BoE ‘Jelly Babies’ need to show some backbone and slash interest rates NOW | Personal Finance | Finance

If BoE rate setters on its monetary policy committee (MPC) lived in the real world, we’d all be getting excited about lower borrowing costs. Unfortunately, they don’t. Like Basset’s Jelly Babies in the old TV ads, they live in a wibbly, wobbly world of their own, and we’re all paying the price.

MPC members exist in a rarified realm of data, tables and forecasts, but those forecasts rarely coincide with reality.

Worse, the MPC knows this, but it still slavishly follows them, because doing otherwise would involve original thought, and Jelly Babies aren’t up to that.

The MPC contains nine members, including BoE governor Andrew Bailey, to give it a range of voices and views. But what’s the point if they all think the same?

If MPC members didn’t sign up to BoE group think, they wouldn’t have been appointed in the first place.

It’s not just me saying that. In November, a House of Lords report blamed today’s inflation nightmare on “a lack of intellectual diversity within its most senior ranks”.

Again, it reminds me of those wibbly, wobbly Jelly Babies.
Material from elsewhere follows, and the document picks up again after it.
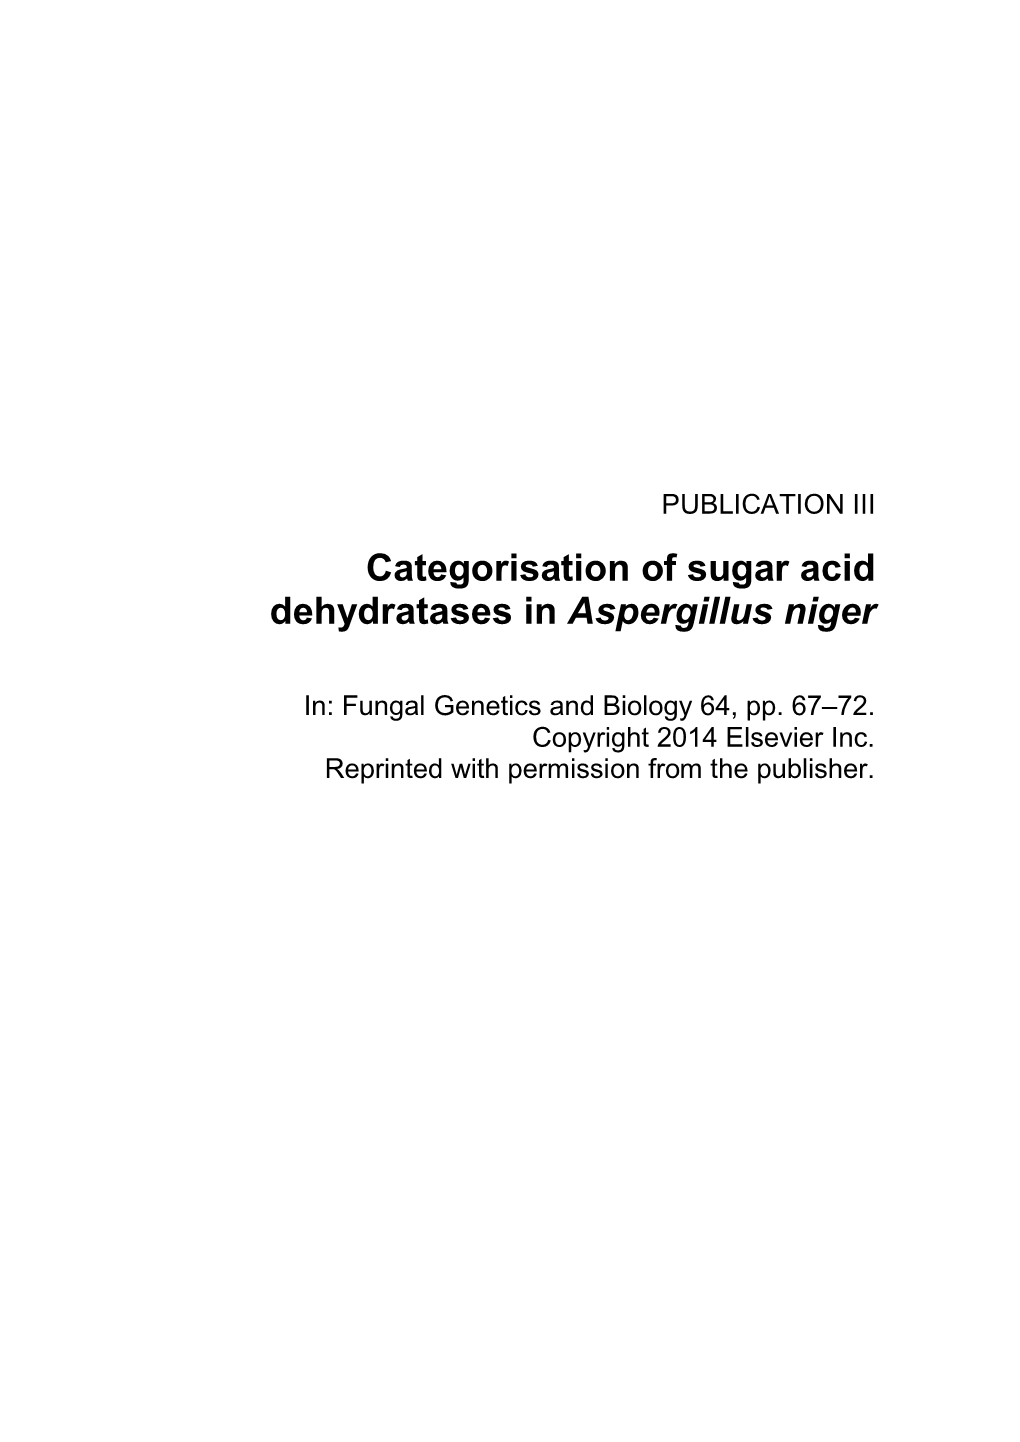 Categorisation of Sugar Acid Dehydratases in Aspergillus Niger

They come in green, yellow, red, black… but all taste broadly the same.

The Lords also slammed the BoE’s “inadequate” forecasting models, something I’ve been banging on about for ages, labelling it the world’s worst forecaster.

The respected Centre for Business and Economics Research (CEBR) says the MPC should have know throughout the cost-of-living crisis that BoE forecasts were “largely inaccurate”.

Yet they refused to accept it.

While inflation has been resurgent worldwide, the UK has been hit far harder than most and that’s down to the BoE’s failure to see the danger coming.

Now it’s making the opposite mistake, by refusing to accept that inflation is on the run.

At midday on Thursday, the MPC will announce its latest rate decision, and NOBODY expects it to do the right thing and cut rates from today’s 5.25 percent.

Rates will stay where they are while Andrew ‘Jelly’ Bailey and his stretchy, squashy team of rate setters examine all the wrong data and come to the wrong conclusion at the wrong time.


Cutting rates would take a little bit of backbone. Which is something Jelly Babies don’t have.

This is a disaster because we really need that rate cut. It would ease pressure on 1.5 million mortgage borrowers whose fixed rates will expire this year, and face paying up to £500 extra a month.

Swift action could spare thousands the agony of losing their homes and help the UK swerve a recession. It might ease the pressure on food banks, too.

Inflation did creep up slightly in December, but that’s likely to be a blip. Latest British Retail Consortium data shows shop price inflation plunged in January to 2.9 percent, sharply down from 4.3 percent in December.

Forecasters at Dutch bank ING reckon inflation will drop below the BoE’s two percent target as early as April.

Yet last month, two MPC members voted for an interest rate hike!

READ MORE: Expert says there’s ‘still time’ to save UK economy from ‘rock bottom’ recession

Worse, highly renumerated BoE staff are blaming inflation on us. Economist Huw Pill says our massive pay rises are driving wage-price inflation and we have to accept being worse off.

That’s another sign that they don’t live in the same world as us.

As well as lifting households and businesses, an interest rate cut would ease burden on the government coffers, by driving down debt repayments.

MPC members need to see and hear what’s happening to households, businesses, the high street and other corners of our beleaguered economy.

Sadly, that requires eyes, ears, brains and a heart, and Jelly Babies don’t have any of those faculties.

Maybe I’m being too harsh. On Jelly Babies. I’m a big fan, I just don’t want them running the economy.